Some people really enjoy the experience, researchers said while acknowledging that others feel uncomfortable.
I watched a simple racing-car game demonstration on a large screen while wearing a device programmed to synchronize the curves with galvanic vestibular stimulation. It accentuated the swaying as an imaginary racing car zipped through a virtual course, making me wobbly.
Another program had the electric current timed to music. My head was pulsating against my will, getting jerked around on my neck. I became so dizzy I could barely stand. I had to turn it off.
NTT researchers suggested this may be a reflection of my lack of musical abilities. People in tune with freely expressing themselves love the sensation, they said.
"We call this a virtual dance experience although some people have mentioned it's more like a virtual drug experience," said Taro Maeda, senior research scientist at NTT. "I'm really hopeful Apple Computer will be interested in this technology to offer it in their iPod."
Research on using electricity to affect human balance has been going on around the world for some time.
James Collins, professor of biomedical engineering at Boston University, has studied using the technology to prevent the elderly from falling and to help people with an impaired sense of balance. But he also believes the effect is suited for games and other entertainment.
"I suspect they'll probably get a kick out of the illusions that can be created to give them a more total immersion experience as part of virtual reality," Collins said.
The very low level of electricity required for the effect is unlikely to cause any health damage, Collins said. Still, NTT required me to sign a consent form, saying I was trying the device at my own risk.
And risk definitely comes to mind when playing around with this technology.
Timothy Hullar, assistant professor at the Washington University School of Medicine in St. Louis, Mo., believes finding the right way to deliver an electromagnetic field to the ear at a distance could turn the technology into a weapon for situations where "killing isn't the best solution."
"This would be the most logical situation for a nonlethal weapon that presumably would make your opponent dizzy," he said via e-mail. "If you find just the right frequency, energy, duration of application, you would hope to find something that doesn't permanently injure someone but would allow you to make someone temporarily off-balance."
Indeed, a small defense contractor in Texas, Invocon Inc., is exploring whether precisely tuned electromagnetic pulses could be safely fired into people's ears to temporarily subdue them.

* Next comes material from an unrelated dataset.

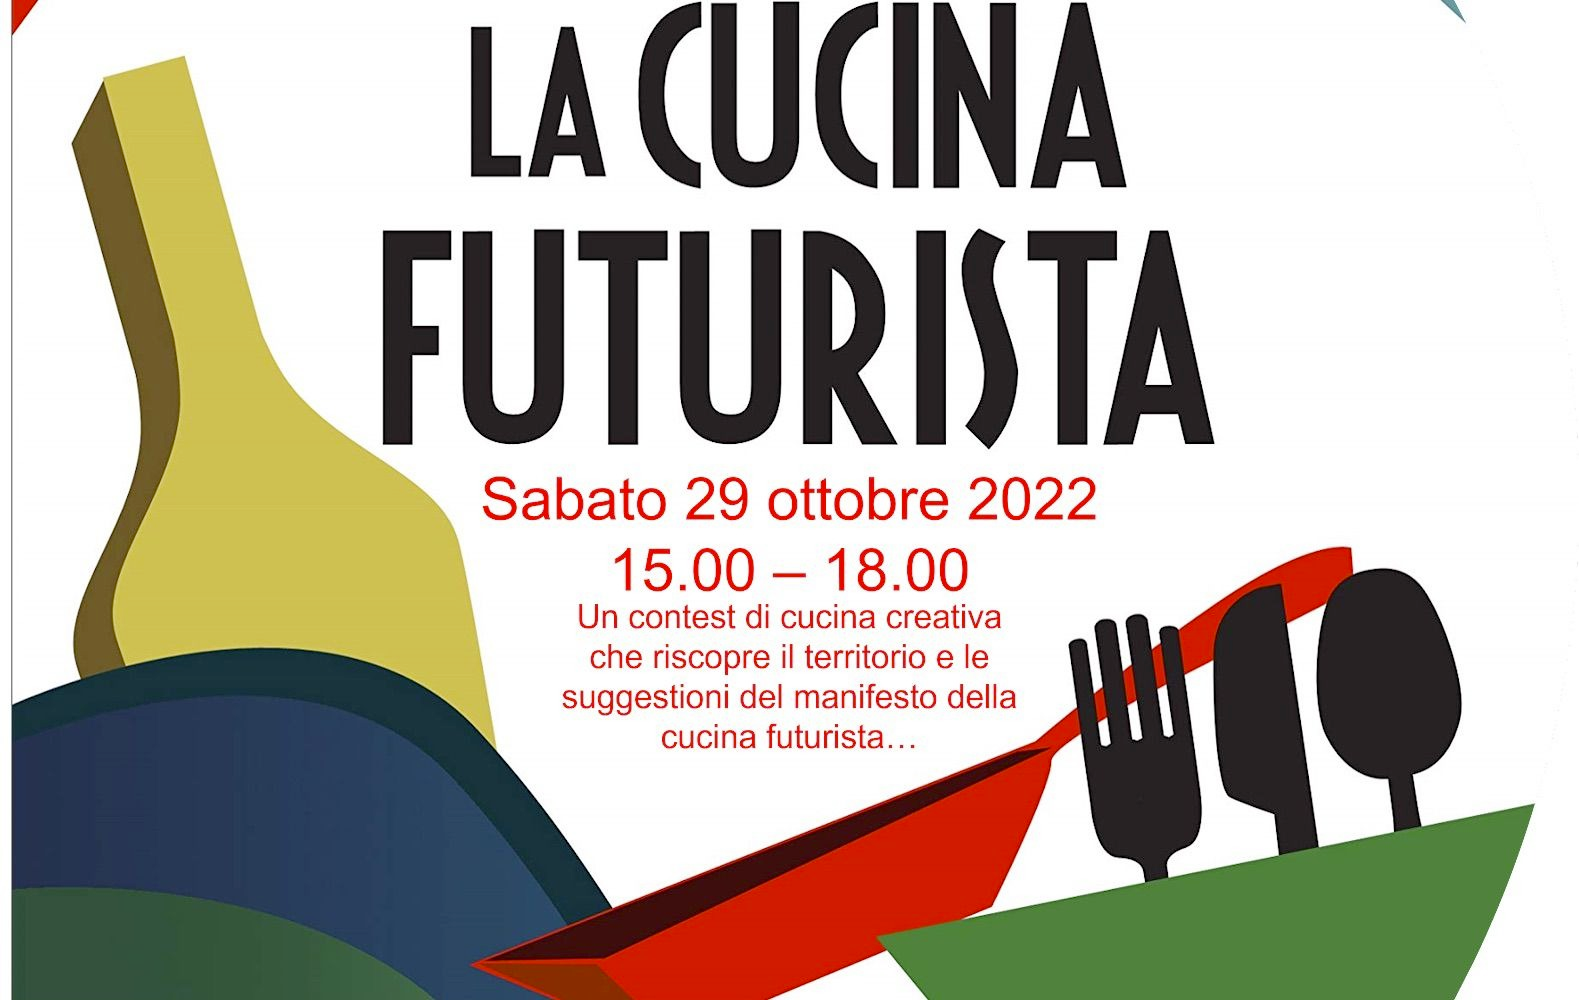 CUCINA FUTURISTA by 2050

NTT has friendlier uses in mind.
If the sensation of movement can be captured for playback, then people can better understand what a ballet dancer or an Olympian gymnast is doing, and that could come handy in teaching such skills.

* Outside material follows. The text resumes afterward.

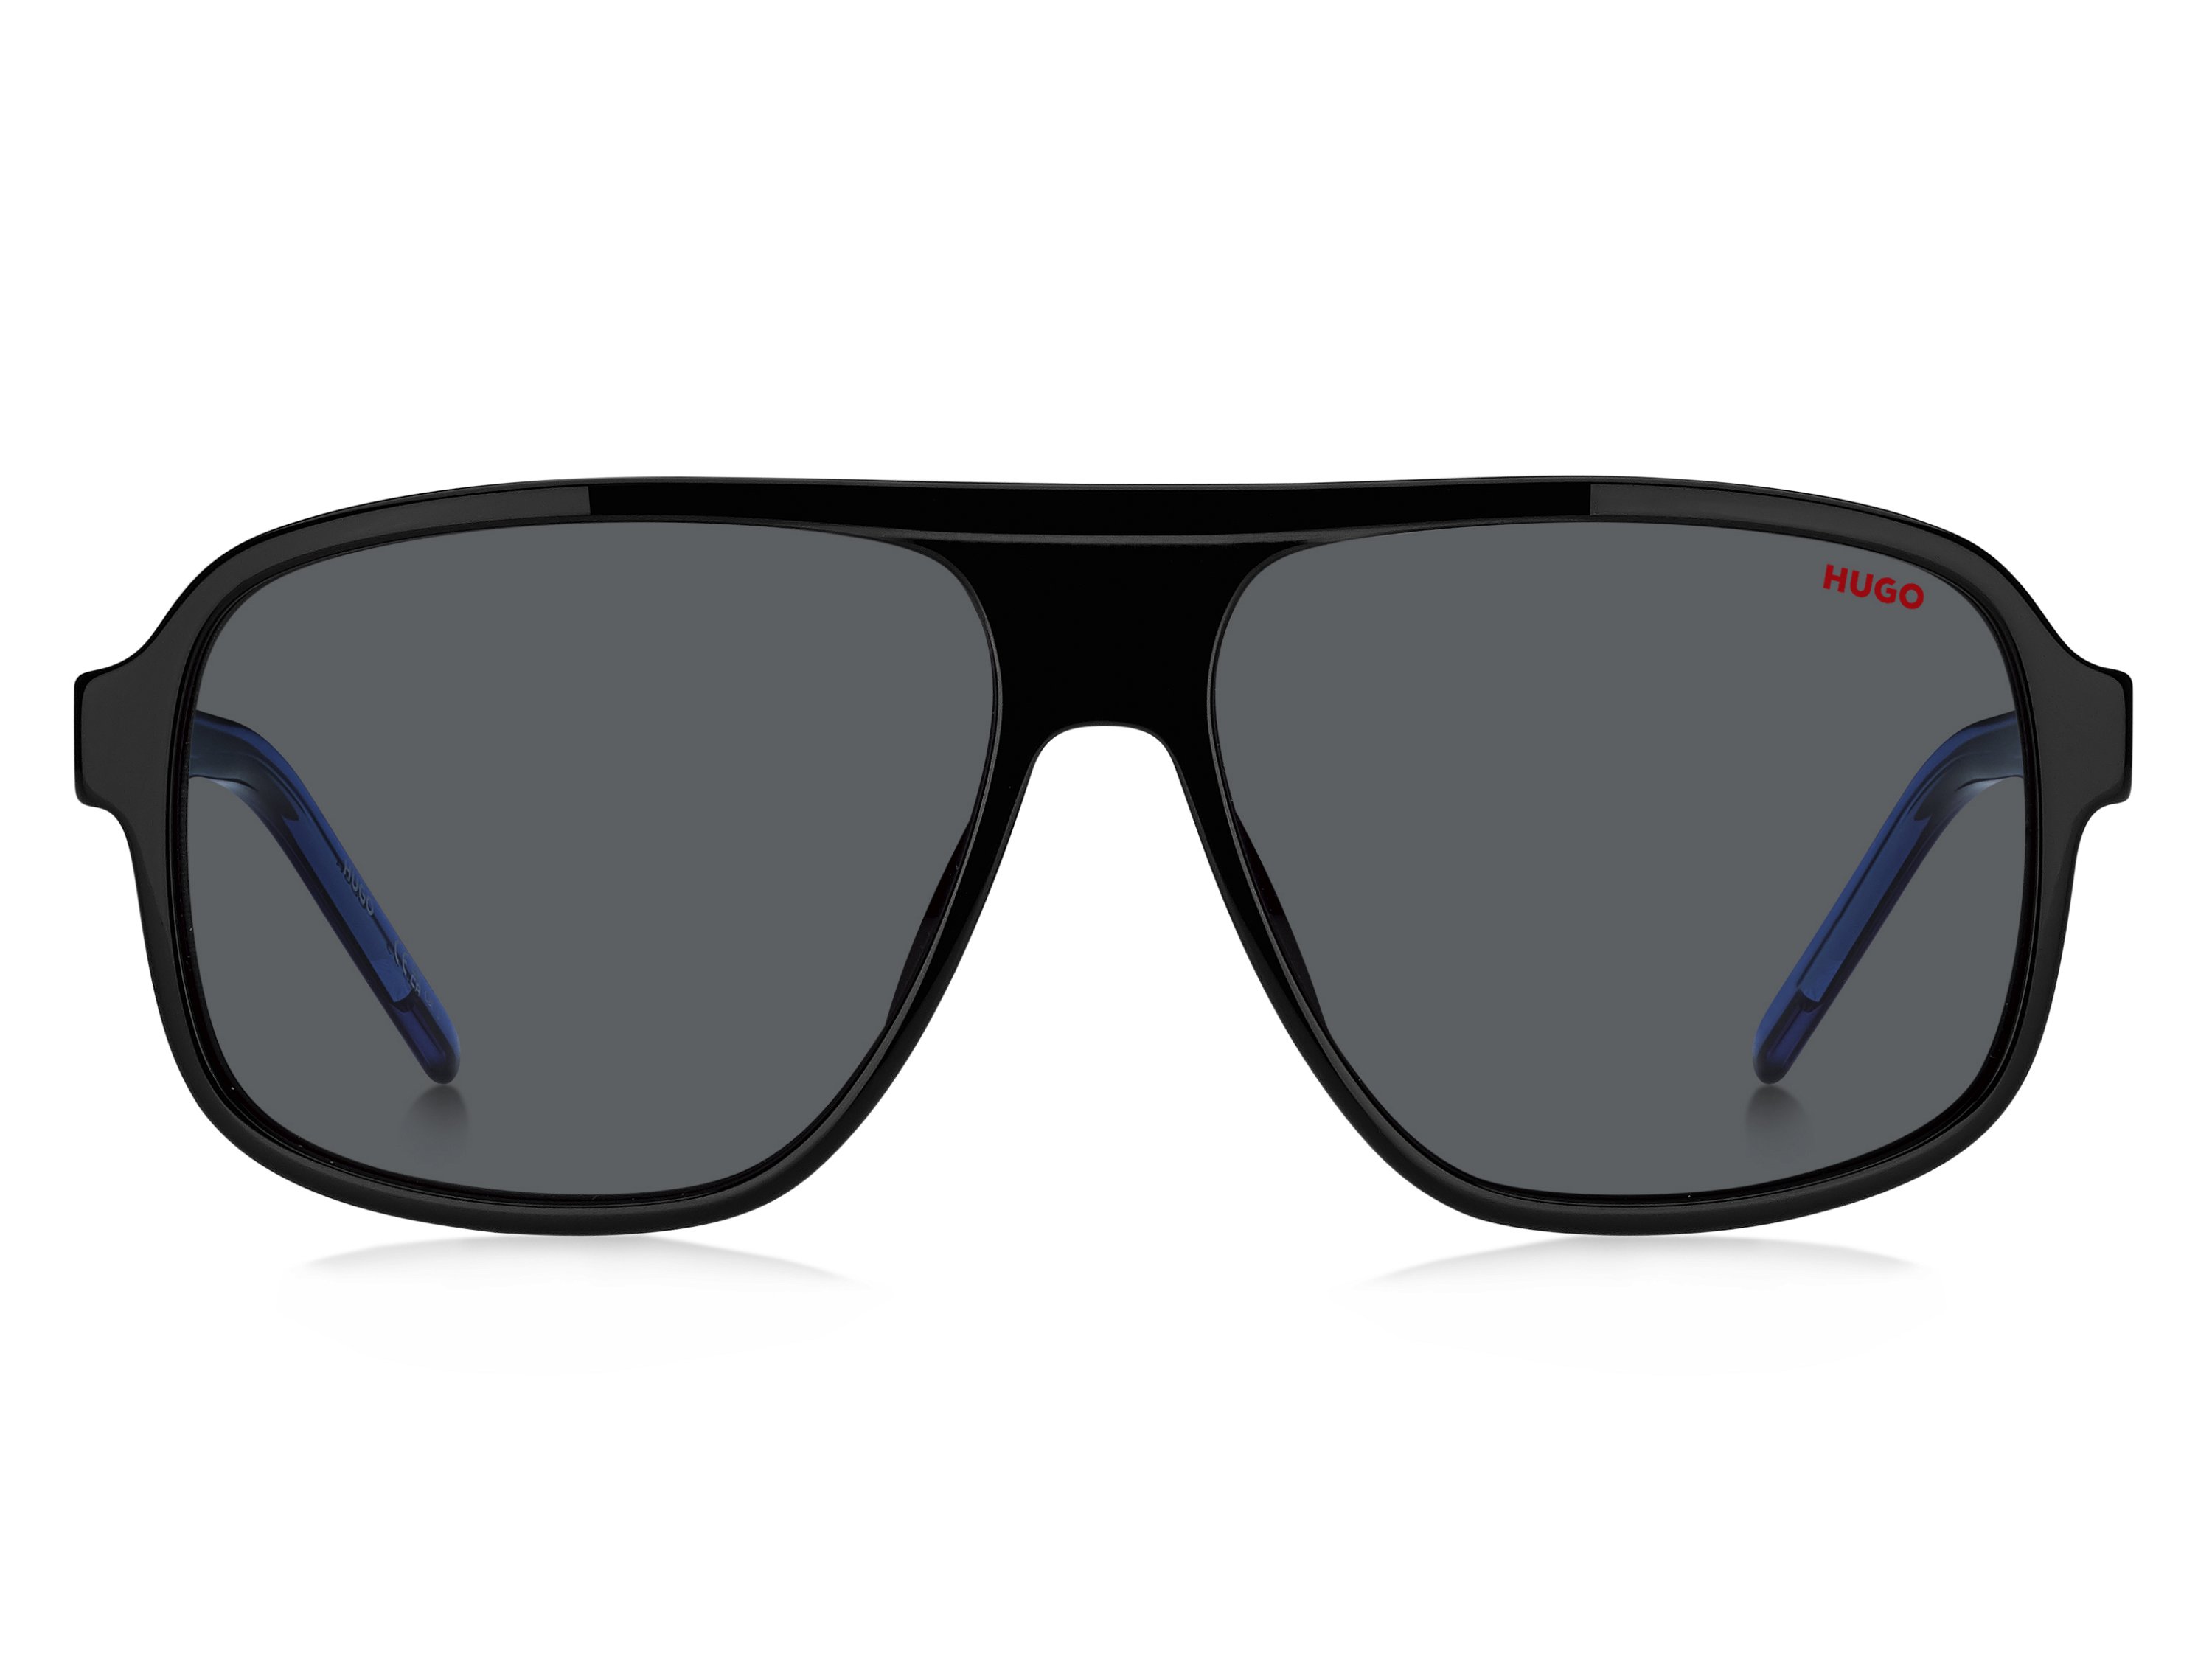 Das Bild zeigt die Sonnenbrille HG1296/S D51 von der Marke Hugo in blau/schwarz.

And it may also help people dodge oncoming cars or direct a rescue worker in a dark tunnel, NTT researchers say. They maintain that the point is not to control people against their will.
If you're determined to fight the suggestive orders from the electric currents by clinging to a fence or just lying on your back, you simply won't move.
But from my experience, if the currents persist, you'd probably be persuaded to follow their orders. And I didn't like that sensation. At all.